As for the drives I have smarttools running on these systems now and there
are no bad sectors and the drive health is all clean. Absolutely no issues
as reported by smarttools. No changes in any of the attributes at all.

Here is some more info:

--dmesg.today snippet--

Copyright (c) 1992-2005 The FreeBSD Project.
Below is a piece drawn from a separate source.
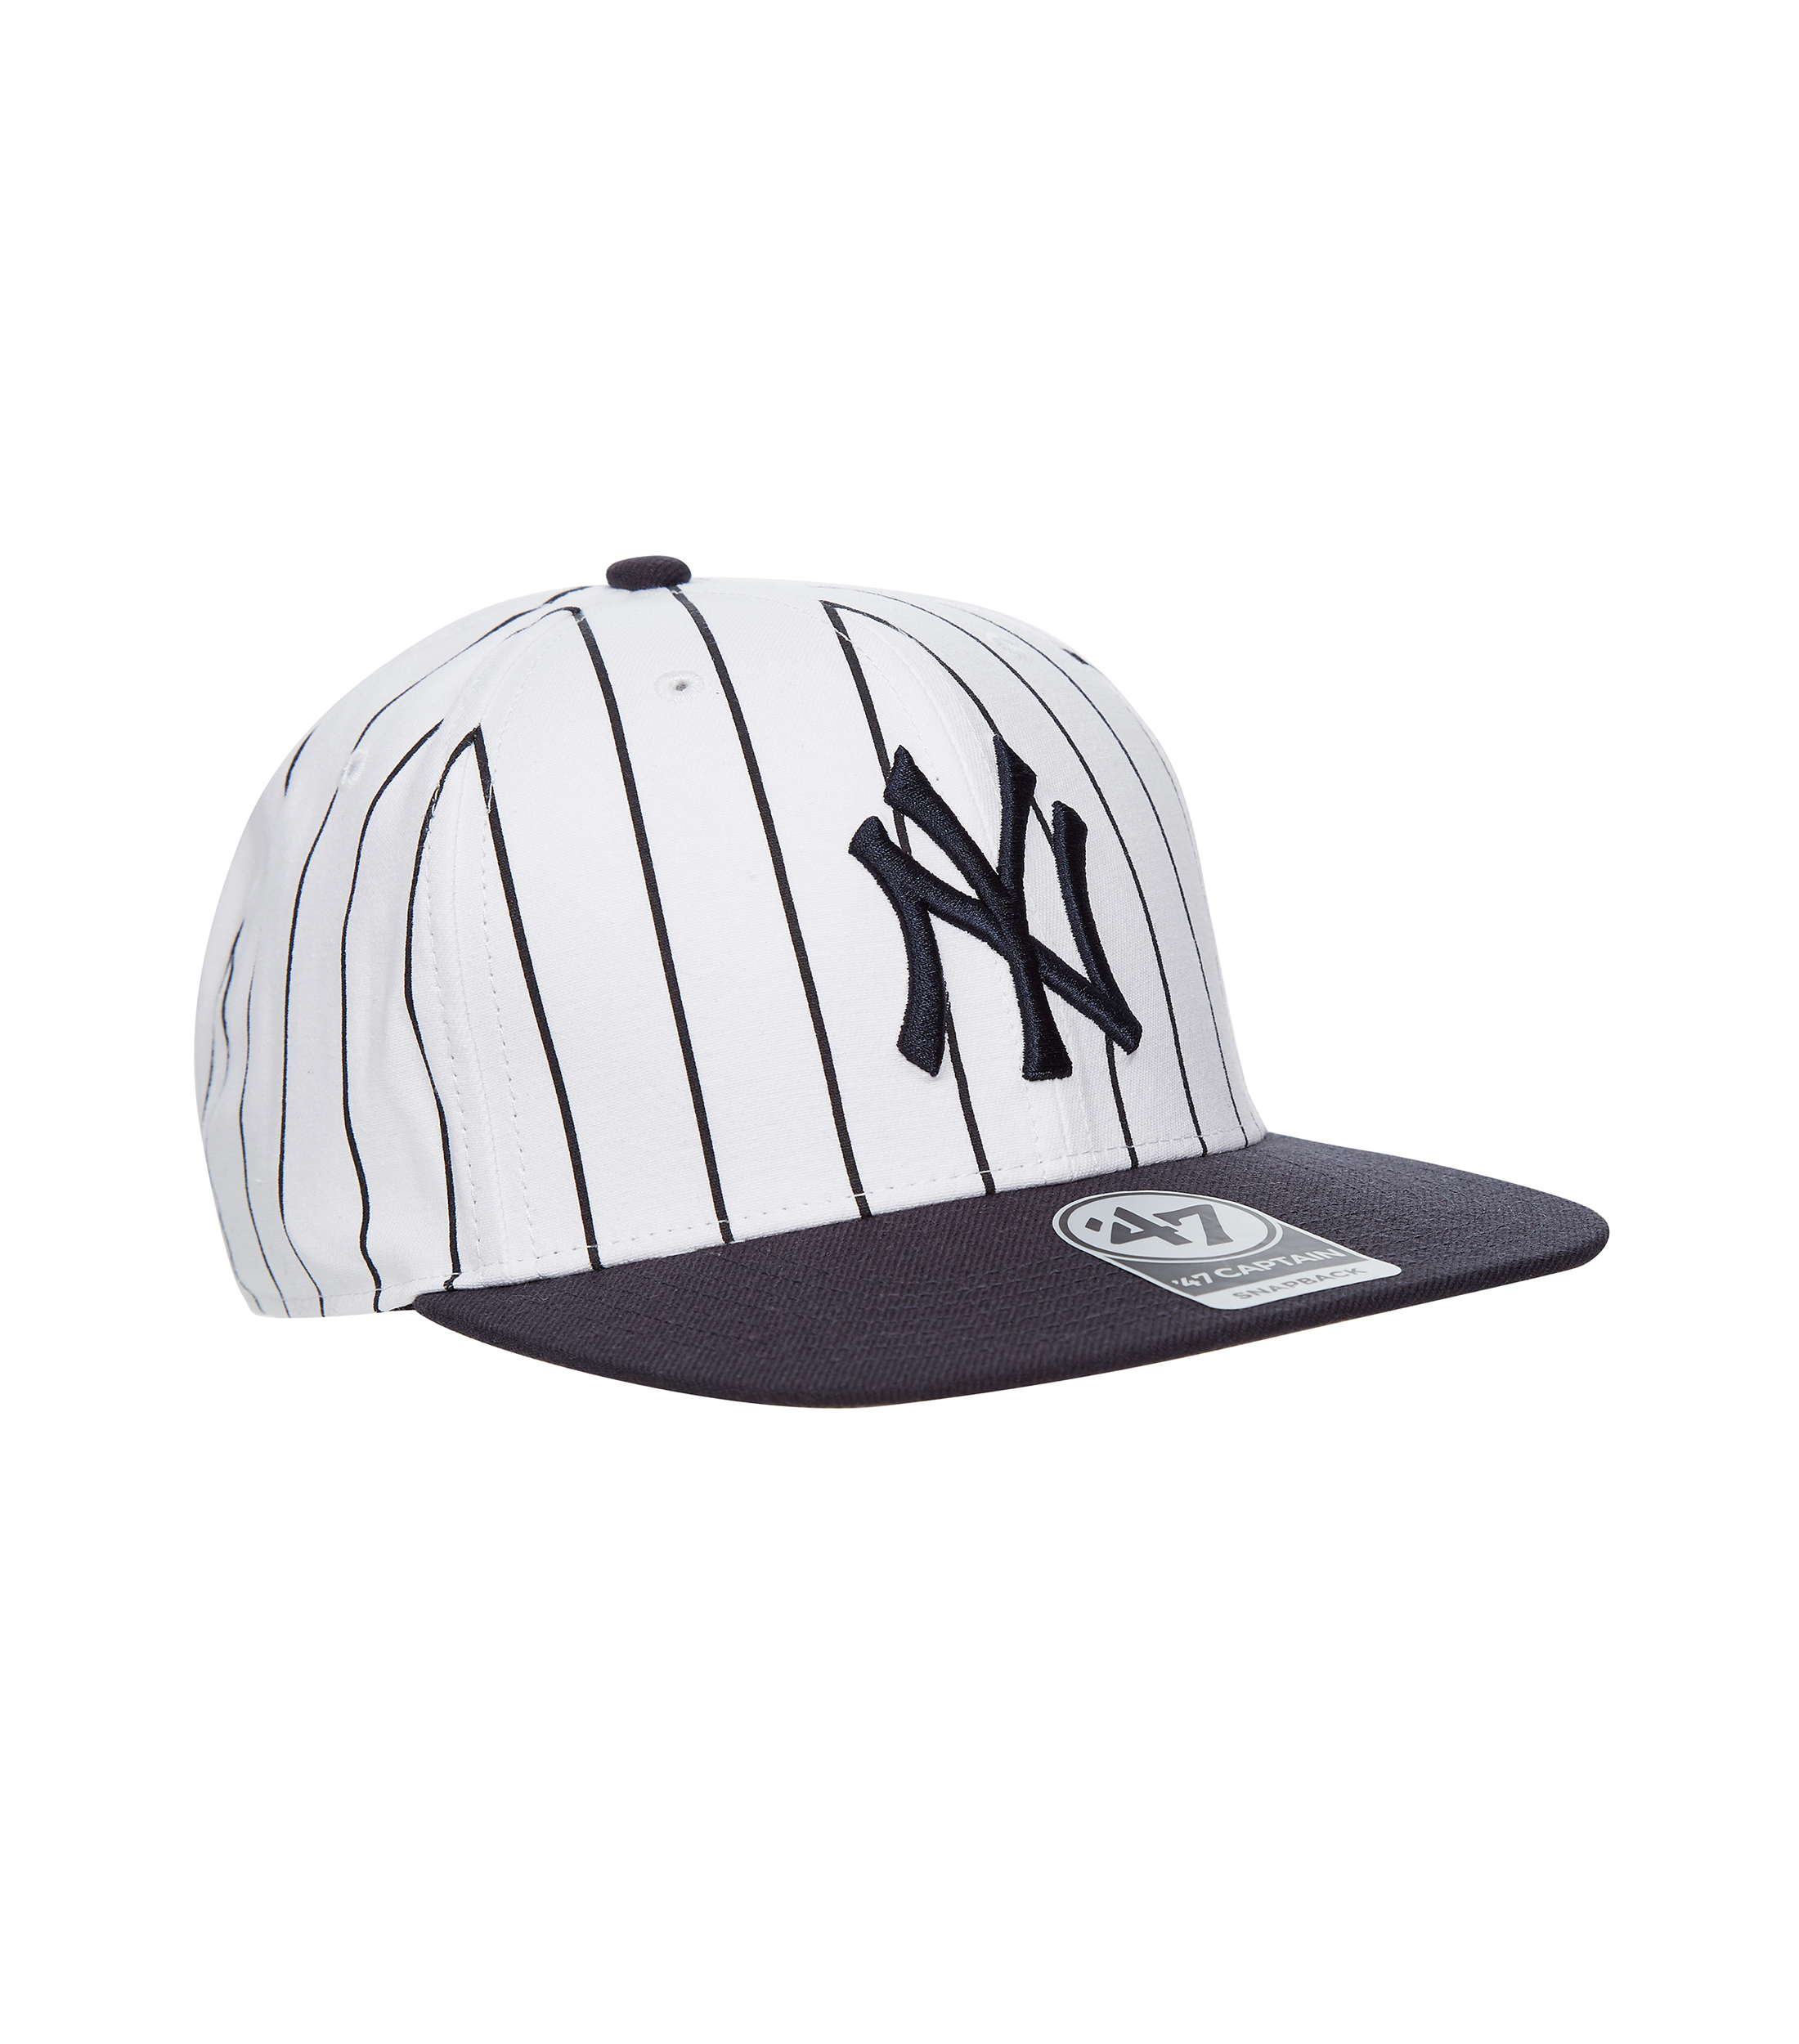 Gorra De Los Yankees Flash Sales - deportesinc.com 1688497070

Copyright (c) 1979, 1980, 1983, 1986, 1988, 1989, 1991, 1992, 1993, 1994
        The Regents of the University of California. All rights reserved.
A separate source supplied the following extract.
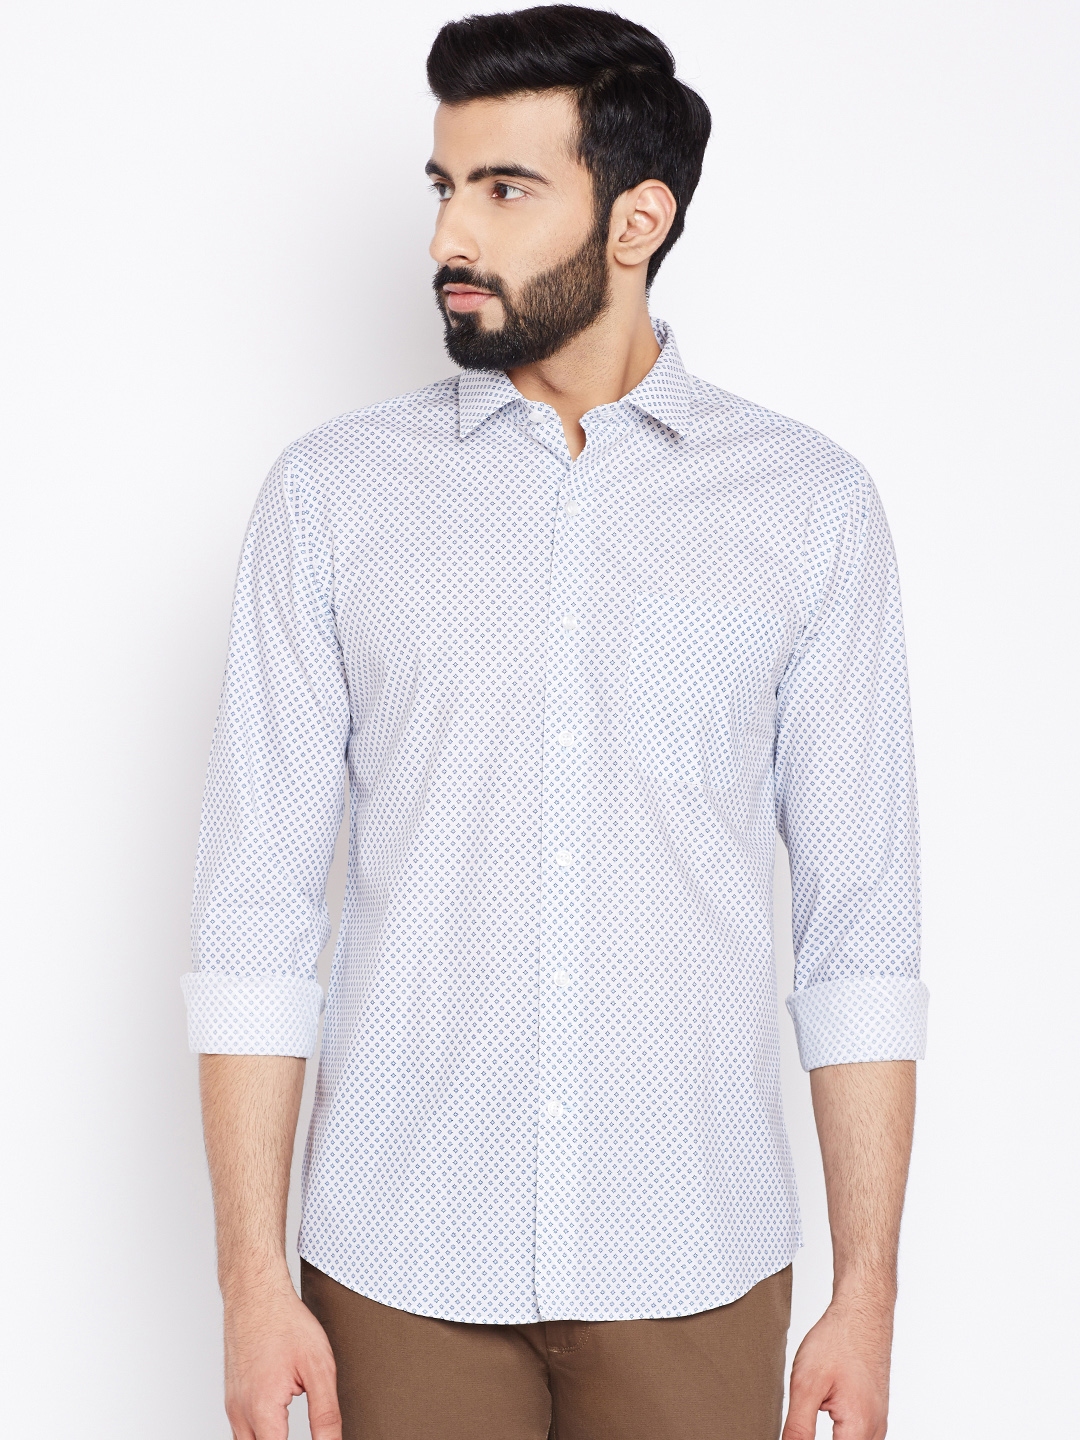 Buy Wills Lifestyle Men White & Blue Slim Fit Printed Casual Shirt ...

FreeBSD 5.4-RELEASE-p11 #0: Tue Mar 28 17:18:36 PST 2006
    wilh at hera.xxxxxxxxx.net:/usr/obj/usr/src/sys/CUSTOM-KERNEL
Timecounter "i8254" frequency 1193182 Hz quality 0
CPU: Intel(R) Xeon(TM) CPU 3.20GHz (3200.13-MHz 686-class CPU)
  Origin = "GenuineIntel"  Id = 0xf41  Stepping = 1
  Features=0xbfebfbff<FPU,VME,DE,PSE,TSC,MSR,PAE,MCE,CX8,APIC,SEP,MTRR,PGE,M
CA,CMOV,PAT,PSE36,CLFLUSH,DTS,ACPI,MMX,FXSR,SSE,SSE2,SS,HTT,TM,PB
E>
  Hyperthreading: 2 logical CPUs
real memory  = 2146893824 (2047 MB)
avail memory = 2099638272 (2002 MB)
ACPI APIC Table: <PTLTD          APIC  >
FreeBSD/SMP: Multiprocessor System Detected: 4 CPUs
 cpu0 (BSP): APIC ID:  0
 cpu1 (AP): APIC ID:  1
 cpu2 (AP): APIC ID:  6
 cpu3 (AP): APIC ID:  7
ioapic0 <Version 2.0> irqs 0-23 on motherboard
ioapic1 <Version 2.0> irqs 24-47 on motherboard
ioapic2 <Version 2.0> irqs 48-71 on motherboard
ioapic3 <Version 2.0> irqs 72-95 on motherboard
ioapic4 <Version 2.0> irqs 96-119 on motherboard
npx0: <math processor> on motherboard
npx0: INT 16 interface
acpi0: <PTLTD   RSDT> on motherboard
acpi0: Power Button (fixed)
Timecounter "ACPI-fast" frequency 3579545 Hz quality 1000
acpi_timer0: <24-bit timer at 3.579545MHz> port 0x1008-0x100b on acpi0
cpu0: <ACPI CPU> on acpi0
cpu1: <ACPI CPU> on acpi0
cpu2: <ACPI CPU> on acpi0
cpu3: <ACPI CPU> on acpi0
pcib0: <ACPI Host-PCI bridge> port 0xcf8-0xcff on acpi0
pci0: <ACPI PCI bus> on pcib0
pci0: <unknown> at device 0.1 (no driver attached)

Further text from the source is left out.